🤖 AI Summary
Accurate 3D reconstruction of oral anatomical structures from a single panoramic radiograph (PX) remains challenging due to reliance on CBCT registration, image unwrapping, or prior dental-arch knowledge—leading to high radiation exposure, elevated costs, and inherent depth ambiguity. Method: We propose the first end-to-end Vision Transformer (ViT)-enhanced Neural Beer–Lambert framework. Key innovations include non-overlapping horseshoe-shaped ray sampling (reducing computation by 52%), a ViT-CNN hybrid backbone, and learnable hash-based positional encoding. Crucially, our method requires neither CBCT, nor image unwrapping, nor prior dental-arch assumptions—only a single PX view. Results: Our approach achieves state-of-the-art performance in PSNR and SSIM, with superior visual fidelity in reconstructed 3D anatomy. It establishes a new paradigm for low-radiation, cost-effective, and clinically deployable dental 3D diagnosis.
📝 Abstract
Dental diagnosis relies on two primary imaging modalities: panoramic radiographs (PX) providing 2D oral cavity representations, and Cone-Beam Computed Tomography (CBCT) offering detailed 3D anatomical information. While PX images are cost-effective and accessible, their lack of depth information limits diagnostic accuracy. CBCT addresses this but presents drawbacks including higher costs, increased radiation exposure, and limited accessibility.
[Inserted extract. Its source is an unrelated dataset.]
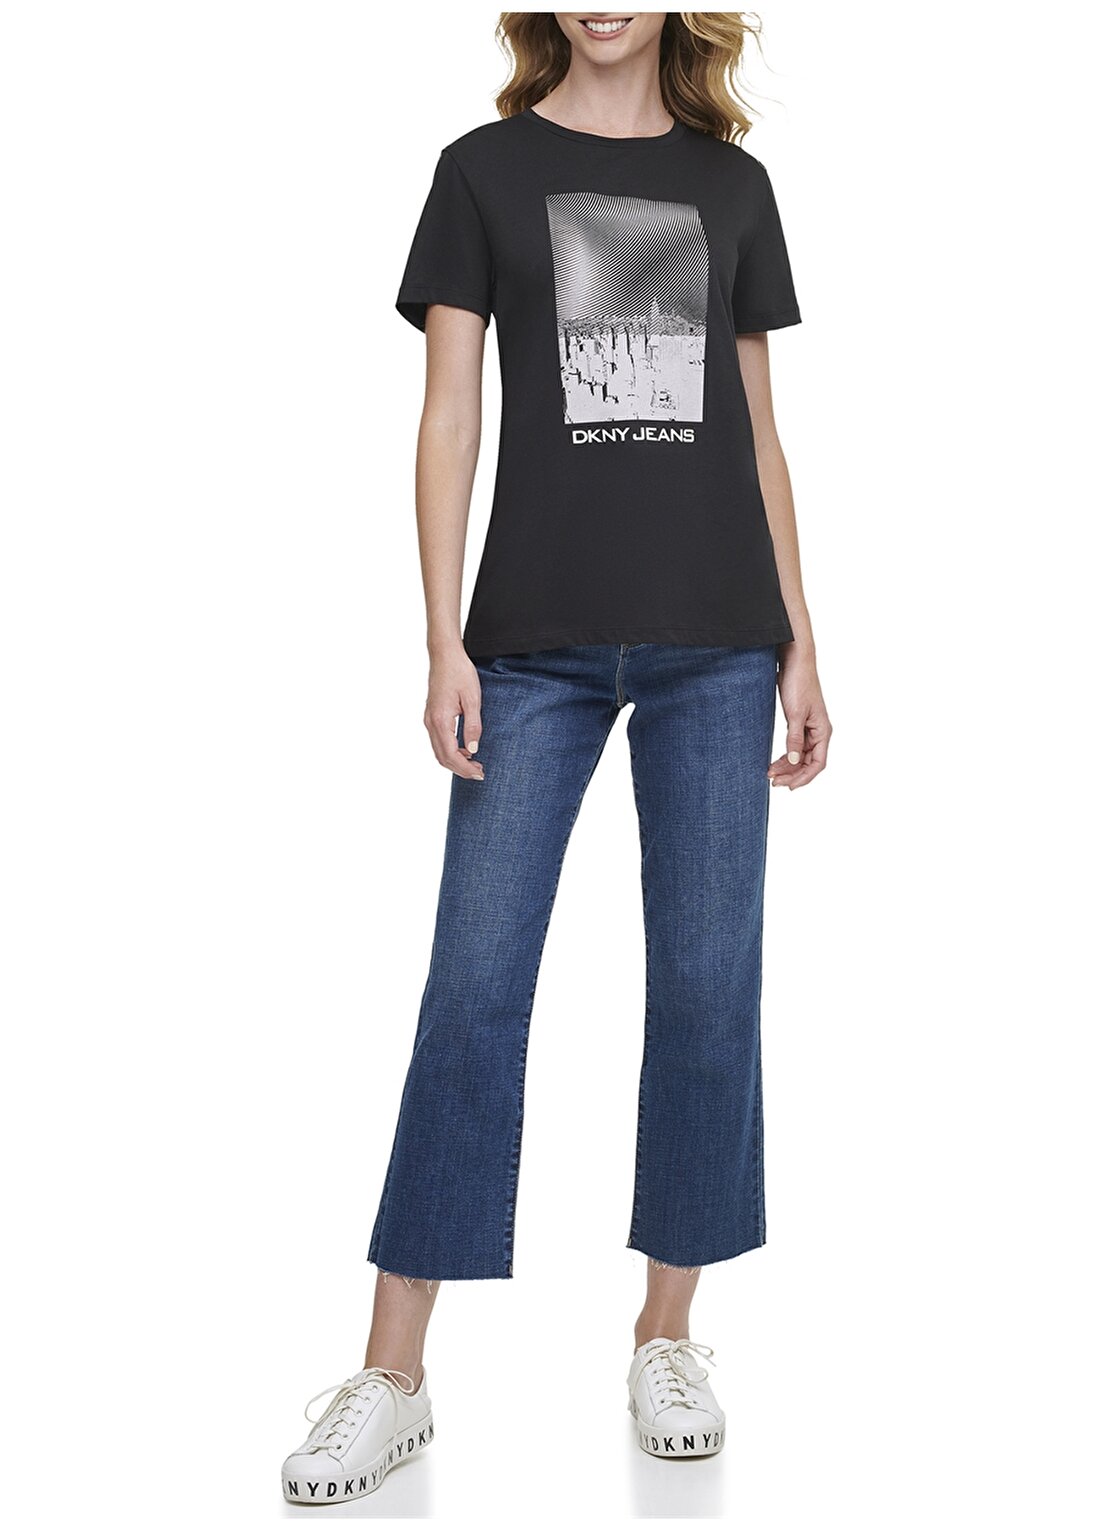 Dkny Jeans NYC Baskılı Logolu Kısa Kollu T-Shirt

Existing reconstruction models further complicate the process by requiring CBCT flattening or prior dental arch information, often unavailable clinically. We introduce ViT-NeBLa, a vision transformer-based Neural Beer-Lambert model enabling accurate 3D reconstruction directly from single PX. Our key innovations include: (1) enhancing the NeBLa framework with Vision Transformers for improved reconstruction capabilities without requiring CBCT flattening or prior dental arch information, (2) implementing a novel horseshoe-shaped point sampling strategy with non-intersecting rays that eliminates intermediate density aggregation required by existing models due to intersecting rays, reducing sampling point computations by $52 %$, (3) replacing CNN-based U-Net with a hybrid ViT-CNN architecture for superior global and local feature extraction, and (4) implementing learnable hash positional encoding for better higher-dimensional representation of 3D sample points compared to existing Fourier-based dense positional encoding. Experiments demonstrate that ViT-NeBLa significantly outperforms prior state-of-the-art methods both quantitatively and qualitatively, offering a cost-effective, radiation-efficient alternative for enhanced dental diagnostics.